Campbell also told Peeples that Adams was displaying symptoms of shock and needed to get someplace warm, preferably a vehicle. 

 

Peeples instructed Campbell to help Mathis as the trooper led Adams to his vehicle.  Peeples then informed Campbell that due to the remoteness of the location EMTs were still several minutes away at least.

 

A former firefighter who had also pulled over to help had worked his way into the overturned wreck through the rear driver’s-side door and was attempting to stabilize the Mathis' head to prevent her from additional injury.

 

Mathis was lying on the vehicle's ceiling, and her head was wedged between the door frame and the seat's head rest. Campbell worked his way through the crushed passenger side window opening where there was about 15 inches of clearance. He tried to comfort and reassure Mathis while at the same time determining the extent of her injuries.   

 

Mathis complained of severe pain in her arm, so Campbell started to feel his away along her limb to see if he could find the cause of her pain. Campbell noticed that her arm had gone through the window and was pinned under the vehicle as it lay on its roof.

 

At this point EMTs arrived and used the Jaws of Life to try to extract Mathis.  They put a helmet on Campbell to protect him in case the SUV rolled.

 

EMTs slipped an air bag under the car to free her pinned arm. As they lifted the vehicle Campbell tried to hold her arm steady.

 

Sgt. Campbell speaks at the Midwinter Enlisted Association in Reno shortly before the courageous rescue.

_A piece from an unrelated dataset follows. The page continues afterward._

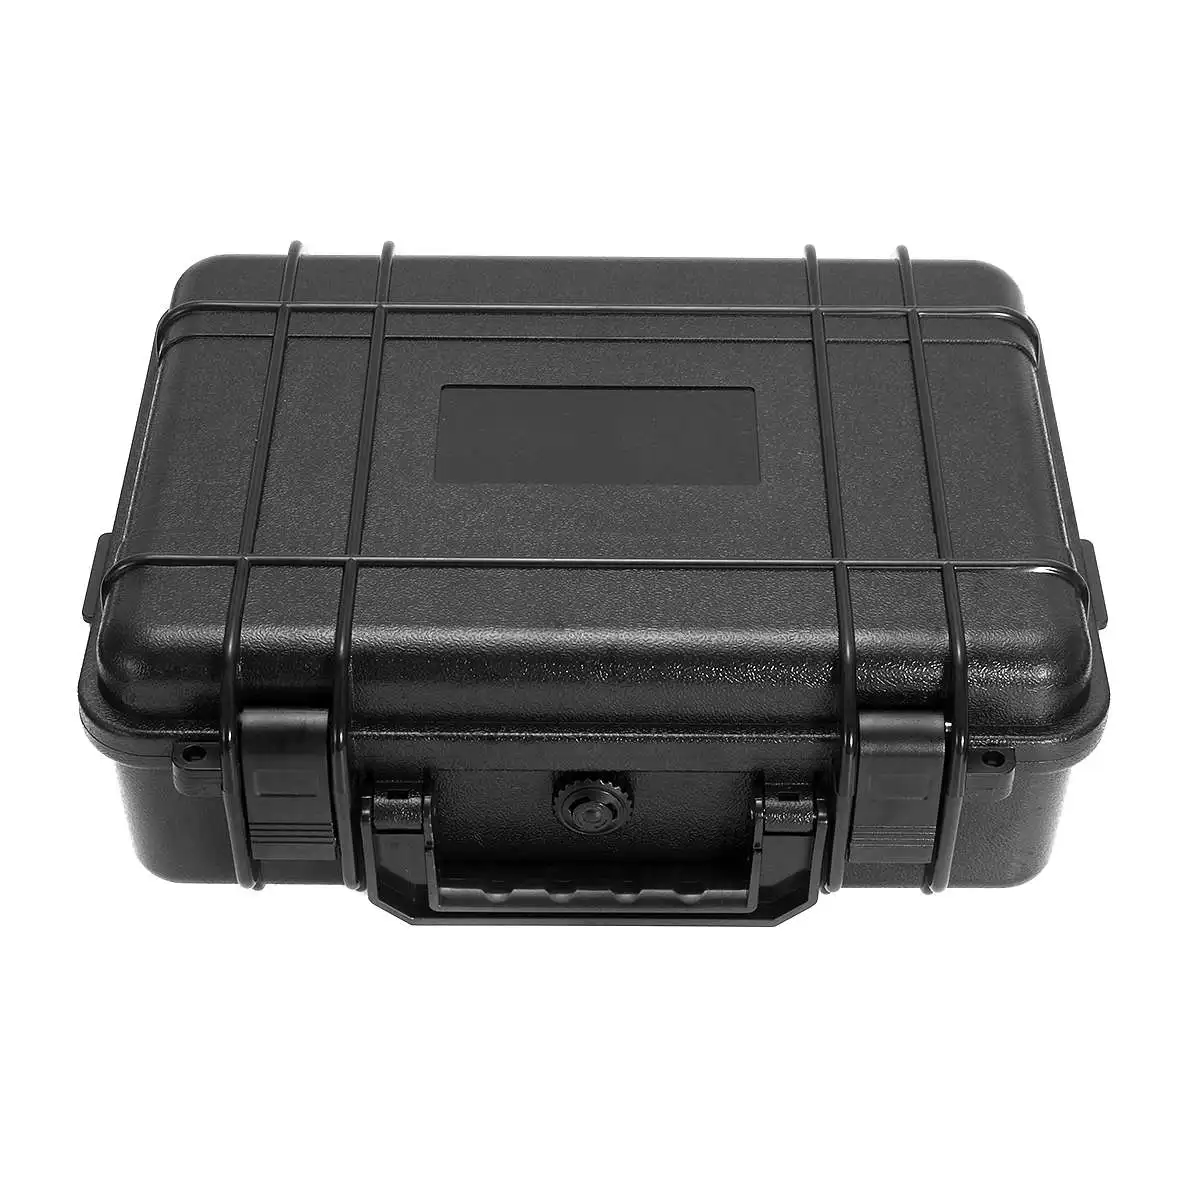 3 размера Водонепроницаемый Жесткий Чехол для инструментов пластиковый ящик для инструментов оборудование защитный ящик для хранения Органайзер портативный контейнер черный

Photo by Sgt. Scott Faddis

Sgt. Campbell speaks at the Midwinter Enlisted Association

 Conference in Reno shortly before the courageous rescue.

Upon seeing the severity of the injury Campbell immediately called for a compress to stop the blood flow because she still was not in a position to be moved.

 

Campbell wrapped Mathis’ arm with bandages and stayed in the vehicle with her to stabilize her arm as the EMTs worked to remove her from the wreckage.

 

Mathis was rushed to a hospital in Winnemucca and was later flown to a trauma center in Reno. According to the Nevada Highway Patrol, she is in stable condition. Adams was treated for his injuries and released later that evening.  

 

Campbell credits his ability to quickly assess and react to the situation to his years of Army Common Task Training.

 

“Two years ago the 640th taught the medical [common task training] to deploying units every weekend for two to three months,” he said.  “That training and experience allowed me to know exactly what to do.”